Product Details
CuW Tulip Contact
The CuW tulip contact is a plug-in tulip assembly with CuW-tipped fingers for applications where the contact sees arc exposure during insertion or break, no...
Technical Description
CuW Tulip Contact
The CuW tulip contact is a plug-in tulip assembly with CuW-tipped fingers for applications where the contact sees arc exposure during insertion or break, not just continuous current. Standard tulip contacts use silver-plated copper fingers, which work well for routine plug-and-unplug at MV current but erode under arc conditions. The CuW tip on each finger handles the arc duty; the rest of the finger handles the current path.
This SKU sits between the Tulip Contact 630A / Tulip Contact 1250A (standard silver-plated copper) and the CuW Contact Finger (single-finger CuW-tipped form). It's the right choice when you need plug-in functionality plus arc resistance.
Specifications
| Property | Value |
|---|---|
| Form | Multi-finger plug-in tulip with CuW-tipped fingers |
| Tip Material Grade | CuW70 / CuW75 / CuW80 |
| Finger Body Material | Copper or copper alloy |
| Finger Count | Per drawing |
| Tip Length | Per drawing |
| Spring Material | Stainless steel or spring bronze |
| Ring / Housing | Copper, bronze, or aluminum alloy per design |
| Mating Stud Diameter | Per drawing |
| Body Plating | Silver plating standard on copper body; tip remains bare CuW |
| Rated Current | Application-specific; common ratings 630 / 1250 / 2000 A |
| Working Voltage | Common MV ratings: 12 / 24 / 40.5 kV |
Exact certified properties for your lot are available with material documentation on request.
Applications
- Plug-in MV connections with arc exposure on insertion or break (uncommon but real cases exist)
- Vacuum interrupter assemblies using tulip-form contacts with arc duty
- Disconnector and isolator contacts requiring both plug-in repeatability and arc resistance
- Custom MV assemblies sub-supplying to switchgear OEMs with specialized contact specs
Technical Notes
A standard silver-plated copper tulip handles tens of thousands of insertion cycles at low contact resistance, but it's not designed to handle an arc, if the contact closes or opens with current flowing under load, the plating and copper underneath erode quickly. CuW-tipped tulip contacts solve this by putting CuW where the arc strikes.
The tip-vs-body design is the same principle as the CuW Contact Finger, scaled to a multi-finger plug-in assembly. Each finger has a CuW tip brazed onto a copper finger body; the spring loads the assembly through the bodies, not through the CuW tips.
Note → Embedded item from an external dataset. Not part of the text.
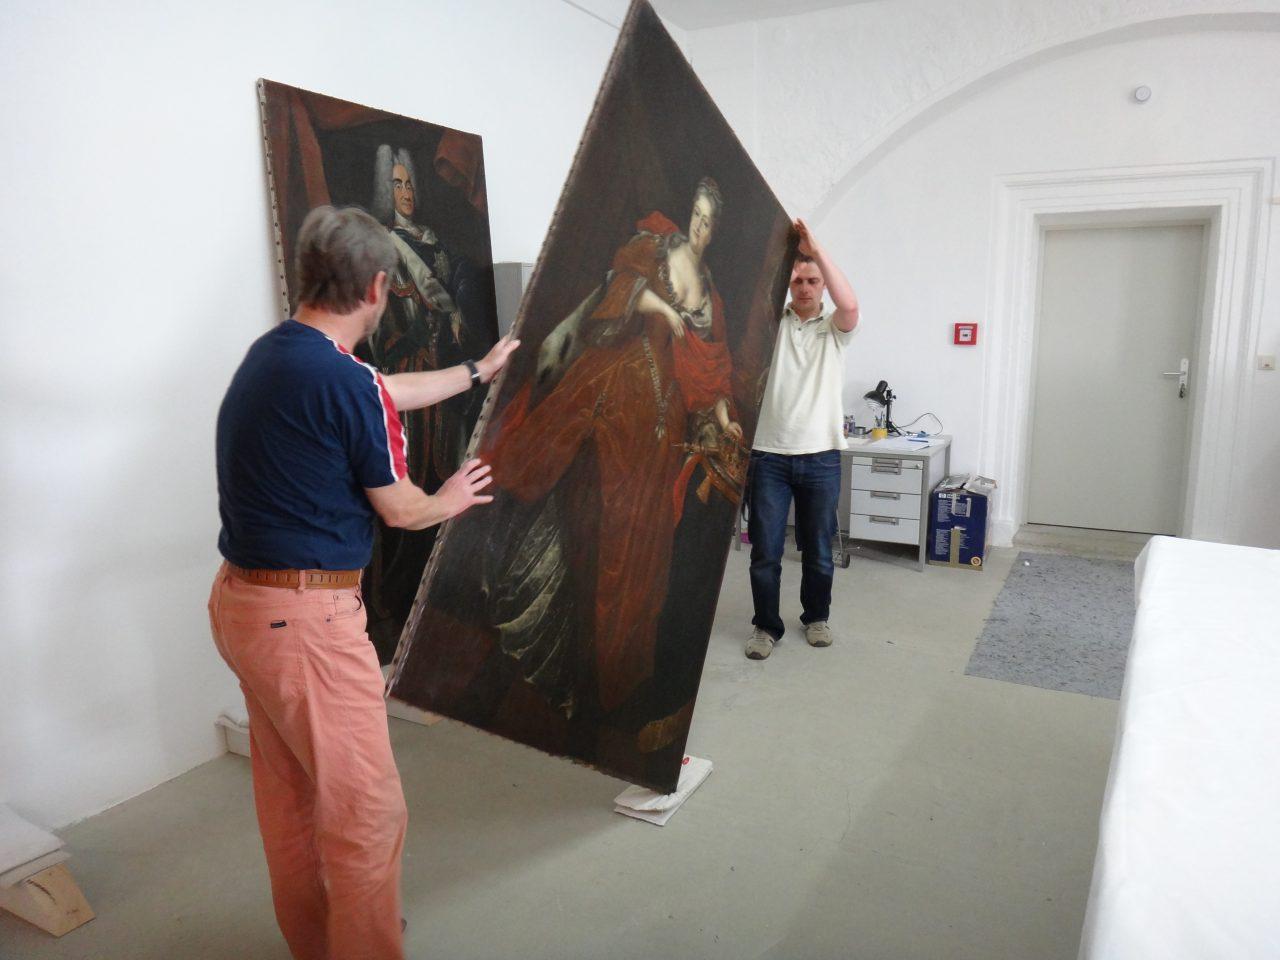 Mitarbeiter beim Aufstellen der zu rahmenden Gemälde

The CuW tip length depends on expected arc cycles. For occasional arc events during fault current breaking, a short tip is enough. For repeated load switching with arcs, a longer tip extends service life, at higher cost per assembly. Specify the duty cycle and we can recommend.
Sourcing & OEM
Custom CuW tulip contacts to your drawing are routine. Specify finger count, CuW grade and tip length, plating thickness on the body, and ring geometry; contact us with the drawing for a project-specific quote.
Technical FAQ
Common questions about this product.
When should I use a CuW tulip contact instead of a standard silver-plated tulip?
When the contact sees arc exposure during insertion or break, not just continuous current. Standard tulips handle plug-and-unplug at MV current well; they don't handle arcs. If your application opens or closes under load, CuW tips are worth the cost.
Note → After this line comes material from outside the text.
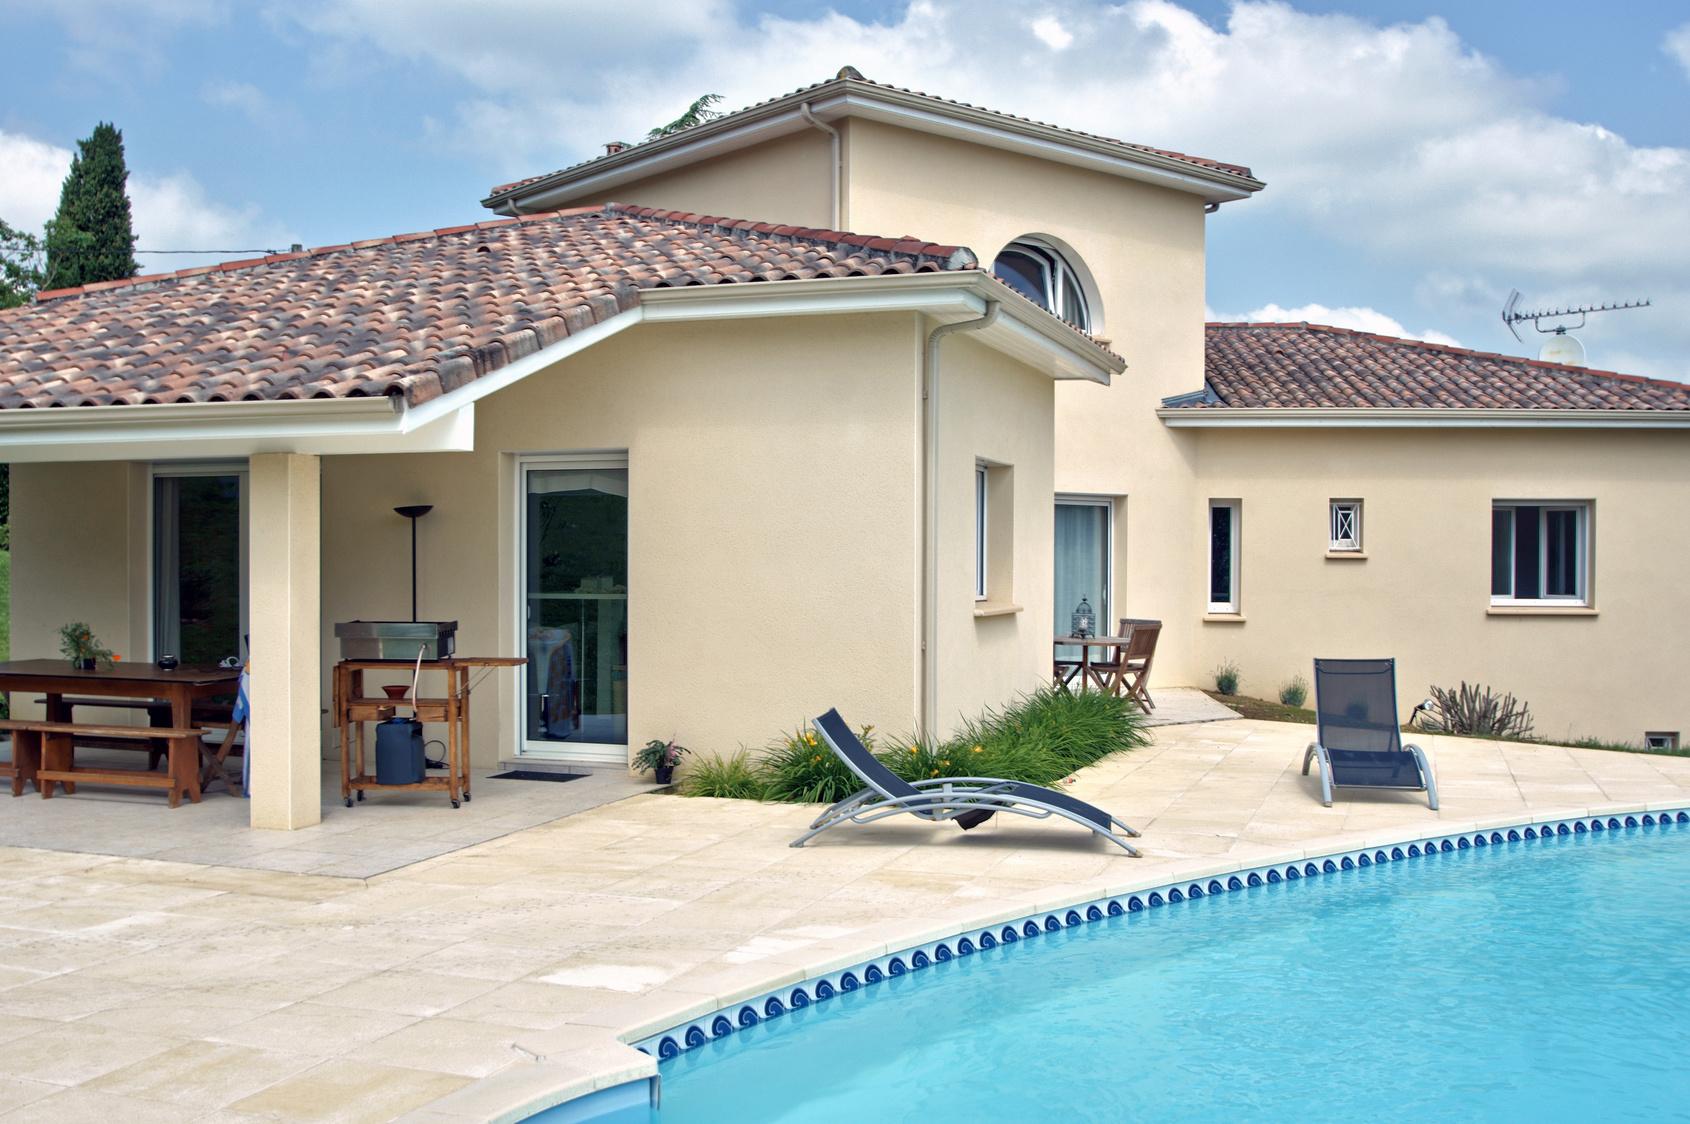 Artisan terrasse bois toulouse diverses id es de conception de patio en bois pour for Terrasse bois piscine toulouse

Are the CuW tips brazed onto copper finger bodies?
Yes, that's the standard construction. Brazing is done in-house with copper-silver fillers under controlled atmosphere. Full-CuW fingers (no copper body) are available but uncommon, heavier and more expensive without performance benefit for most duty cycles.
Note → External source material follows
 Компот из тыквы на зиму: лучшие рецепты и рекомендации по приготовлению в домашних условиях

What CuW tip length is recommended?
Tip length depends on duty cycle. For occasional fault current breaking, a short tip is enough. For repeated load switching with arcs, a longer tip extends service life. Specify your operating cycles and expected arc current with your inquiry.
Is the copper finger body silver plated?
Yes by default. The plating reduces contact resistance at the mating stud interface; the CuW tip stays bare to handle arc duty.
How does this compare to CuW Contact Finger?
The CuW Contact Finger is for single-finger applications (sliding contact, disconnector finger). This SKU is for multi-finger plug-in tulip assemblies. The tip-vs-body construction principle is the same.